2. Model Architecture
3 core modules
- (1) Vision encoder
- (2) Vision-language adaptor
- (3) Mixture-of-Experts language model
Two major advancements
Building upon DeepSeek-VL2: the decoder-only LLaVAstyle architecture …
- (1) Dynamic tiling strategy
- (2) DeepSeekMoE
- Multi-head Latent Attention (MLA)
(1) Dynamic Tiling Strategy
a) (Original DeepSeek-VL) Hybrid vision encoder
-
Coarse (1) + Fine-grained (2)
- (1) SigLIP for coarse-grained feature extraction at 384 × 384 resolution
- (2) SAM-B for fine-grained feature extraction at 1024 × 1024 resolution
-
Pros) Rich visual representations suitable for various vision-language tasks
-
Cons) Limited by the fixed 1024 × 1024 resolution constraint
$\rightarrow$ Particularly challenging for processing images with larger resolutions and extreme aspect ratios
b) (Proposed DeepSeek-VL2) Dynamic tiling strategy
- How? Splitting a high-resolution image into tiles
- Effect? Efficient processing of different high-resolution images with varying aspect ratios
- Model: (Pretrained) single SigLIP-SO400M-384 vision encoder
- Resolution & Ratios
- (1) Base resolution = 384x384
- (2) To accommodate different aspect ratios ….

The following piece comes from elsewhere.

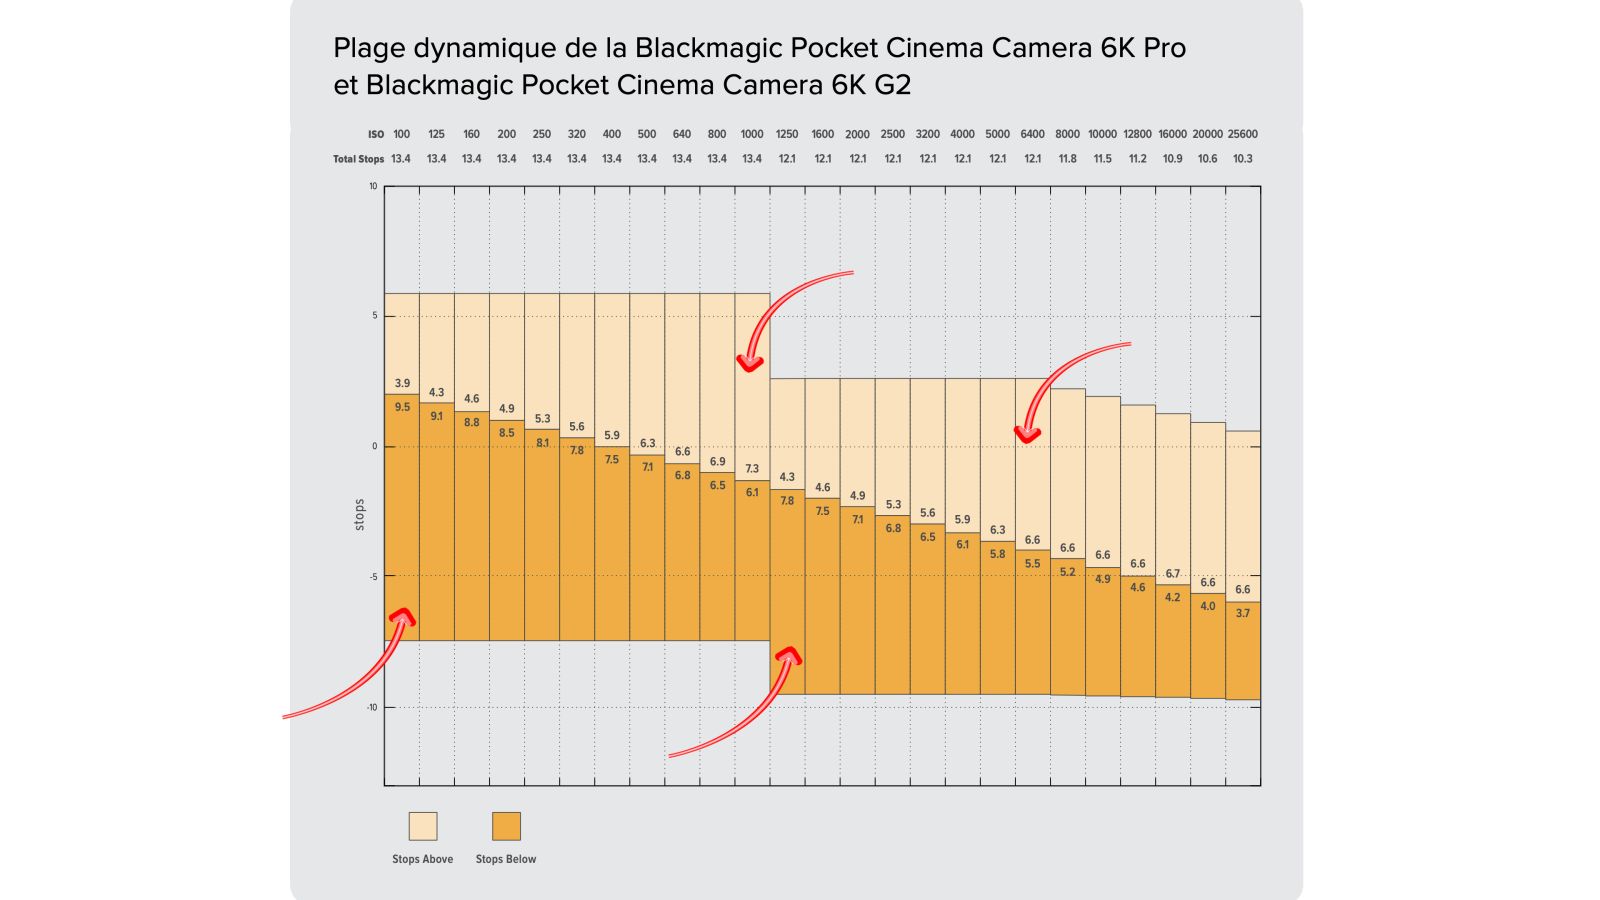 Plage dynamique de la Blackmagic Pocket Cinema Camera 6K Pro et 6K G2

- Set of candidate resolutions: $C_r = {(m\cdot 384, n\cdot 384) \mid m \in N, n \in N, 1 \leq m,n,mn \leq9}$
- $m:n$ = aspect ratio
c) Details of Dynamic tiling strategy
-
Input = Image of size ( $H, W$ )
-
Step 1) Calculate the padding area
- Required for resizing it to each candidate resolution in $C_R$
- How? Select the resolution $\left(m_i-384, n_i-384\right)$ that minimizes the padding area.
-
Step 3) Resize the image
-
Step 4) Divide the resized image into $m_i \times n_i$ local tiles of $384 \times 384$ pixels
( + One global thumbnail tile )
For computational efficiency and context length management, we disable the dynamic tiling strategy when processing multiple (>2) images.

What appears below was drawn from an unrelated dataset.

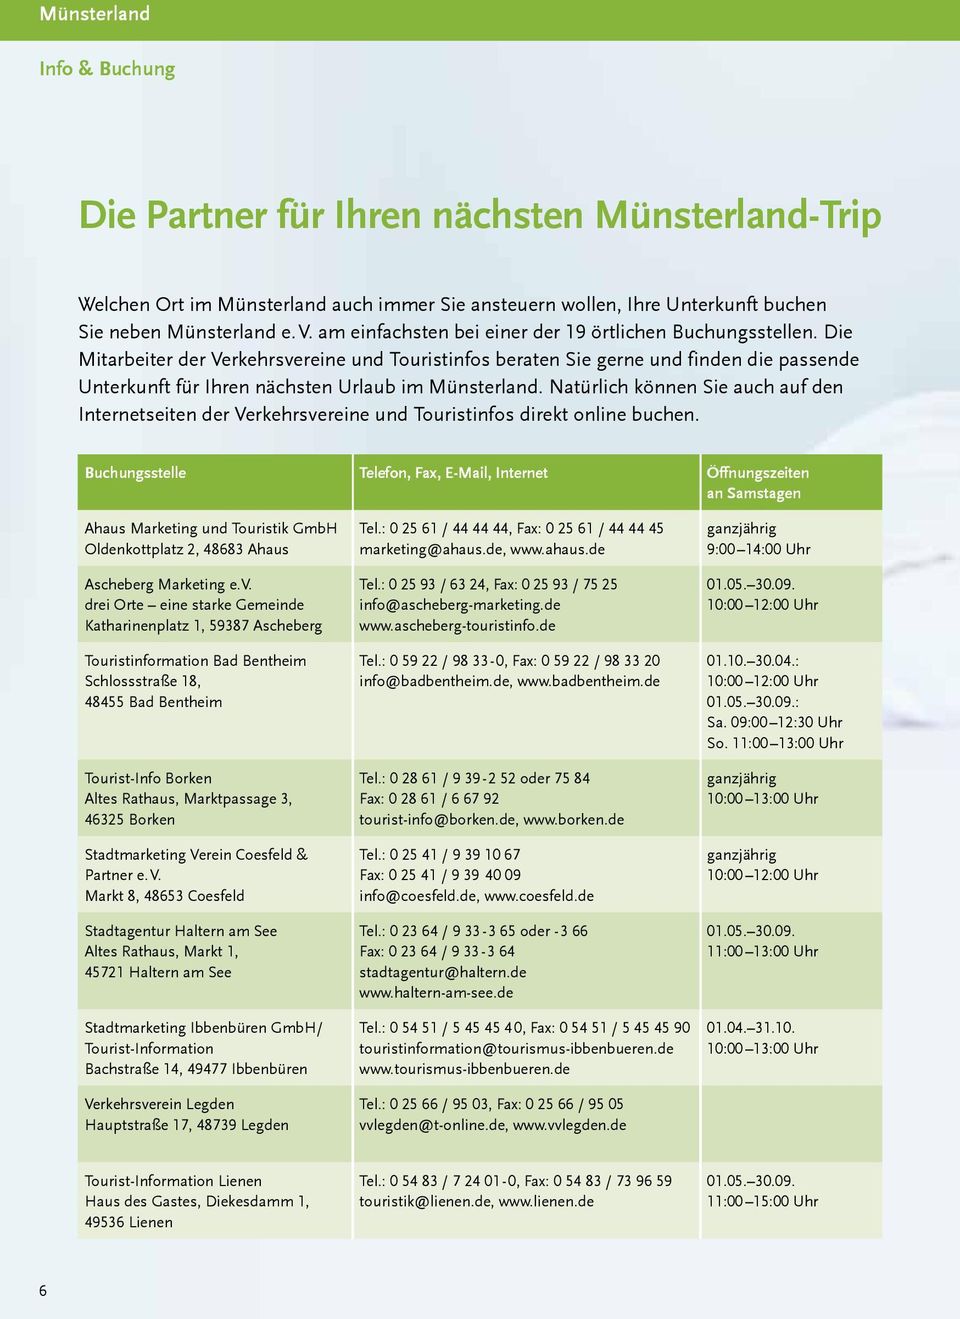 Die Mitarbeiter der Verkehrsvereine und Touristinfos beraten Sie gerne und finden die passende Unterkunft für Ihren nächsten Urlaub im Münsterland.

SigLIP-SO400M-384 vision encoder
- Processes all ( $1+m_i \times n_i$ ) tiles!
- Yield $27 \times 27=729$ visual embeddings of 1152 dimensions per tile
(2) Vision-Language Adaptor
2x2 pixel shuffle operation
- To compress each tile’s visual tokens! (1 tile = 196 tokens)
- 27x27=729 tokens $\rightarrow$ 14x14=196 tokens
- Add three special tokens when processing the ( $1+m_i \times n_i$ ) tiles
- Refer to the figure
(3) DeepSeekMoE LLM
Based on DeepSeekMoE
- Incorporates the MLA
- Compressing the Key-Value cache into a latent vector
- Enabling increased throughput capacity!
- Incorporates a MoE architecture
- Introduce a global bias term for each expert
- To cost-effectively improve load balancing between experts.